Disaster strikes soon after when she blames Jack for her cat’s death, banishing him from her home despite knowing he has nowhere else to live. Ignoring his protestations and apologies, she physically and emotionally shuts out her best friend and finds herself alone, once again. Her situation worsens as more sellers and buyers report her pieces as frauds to the authorities, who eventually rope Jack into assisting them in apprehending her. Jack agrees to help the FBI only on the condition that, post-arrest, Lee will have no access to him (no telephone calls, letters, etc.). The sting, which involves the sale of stolen, authentic letters by Lillian Hellman (whose 1934 play The Children’s Hour famously centers on a lesbian affair), is successful. Lee is summoned to court, where she receives a probationary sentence after speaking candidly about her lack of remorse for the forgeries and her willingness to accept punishment.

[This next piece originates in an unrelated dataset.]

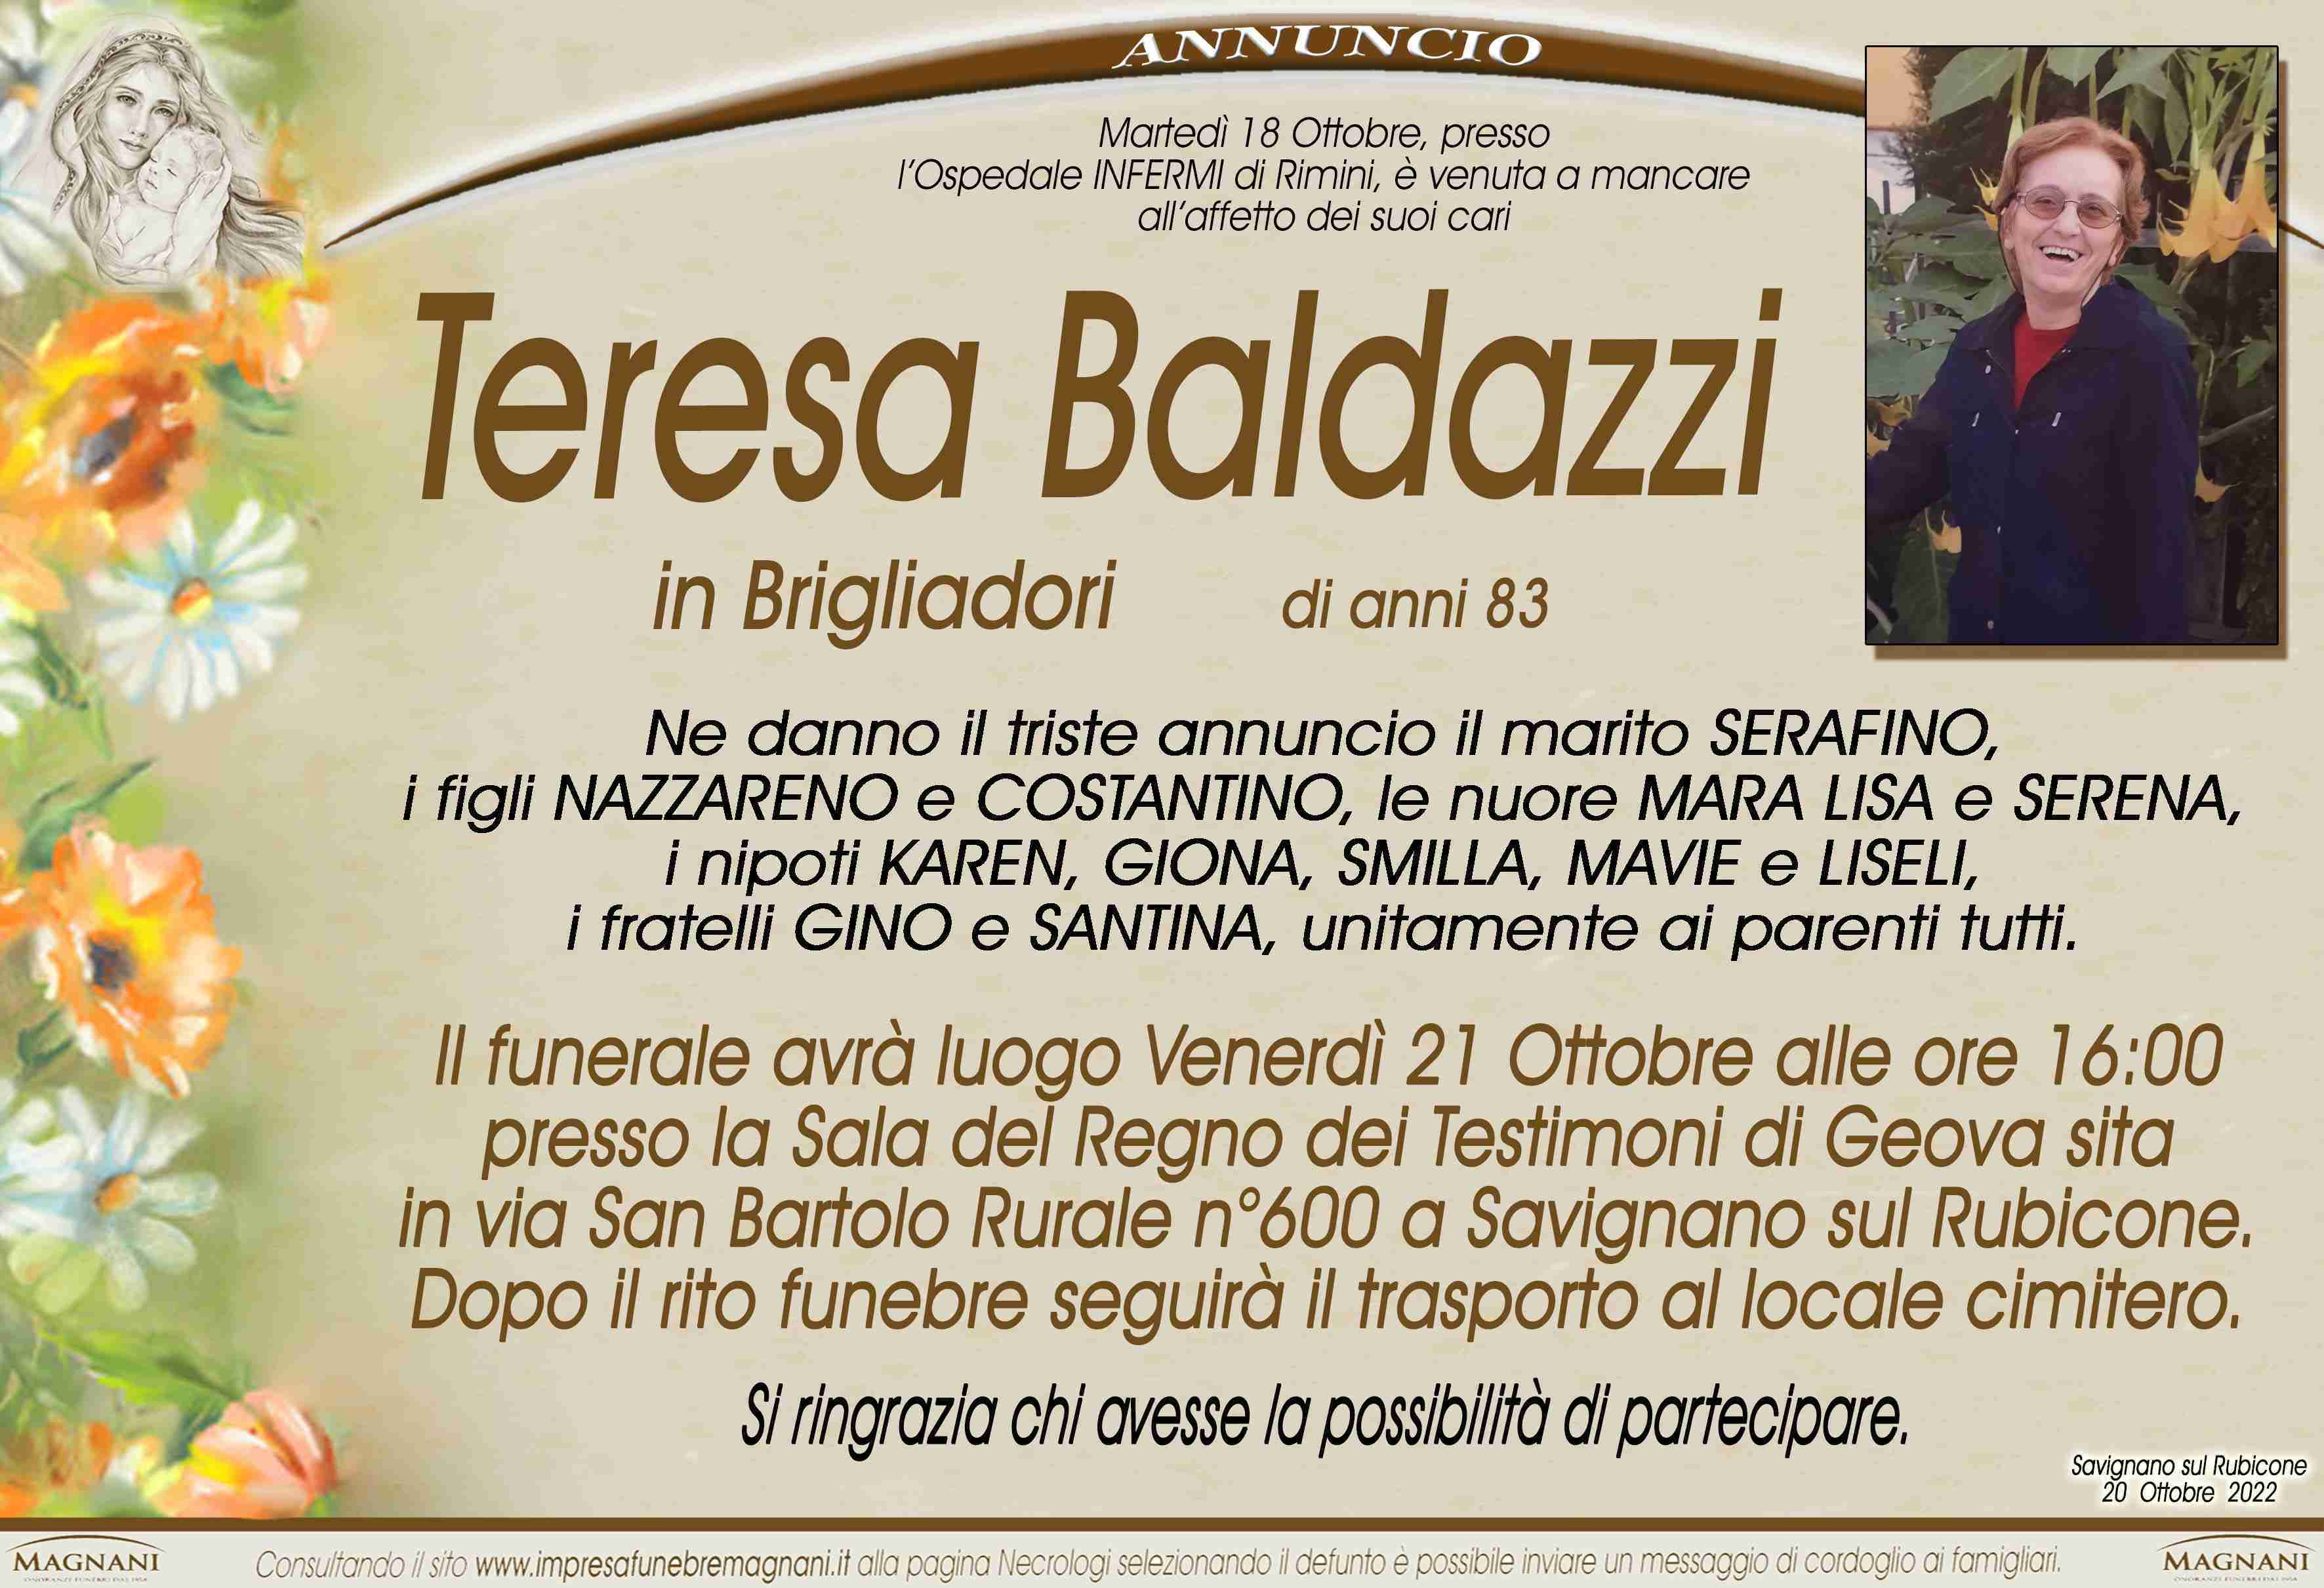 Teresa Baldazzi

Several months later, she runs into Jack for the first time since their falling out. Surprisingly, he welcomes her with a few well-timed insults. Lee returns the favor, and they share a chuckle at their barbed rapport. He hints at new health issues, the threat of HIV and AIDS lurking in the background alongside the ways in which they have failed each other as friends. They say nothing further, for what can be said? Their camaraderie rebuffs probation, homelessness and death. Who is to say that the simplicity of an insult and shared drink means less than a hackneyed lap in a winner’s circle?
Lee leaves the bar and we see her at home, writing with a new kitten. Her newfound sense of peace is not a sign of redemption—she did not need to be saved. Rather, she has learned from and accepted her mistakes, failures and flaws through her attempts to connect with others. Heller’s ode to queer personhood and community—and vulnerability, mortality and resilience—under persecution is an urgent call for connection under late stage capitalism. Lee’s story sharpens a quiet joy and humanity from her shortcomings and missteps, elevating the writer and her faked letters to works of art. It is through Lee’s self-sabotage and emotional isolation that her forgeries, and her friendship with Jack, can be understood as sentimental, profoundly human acts of care.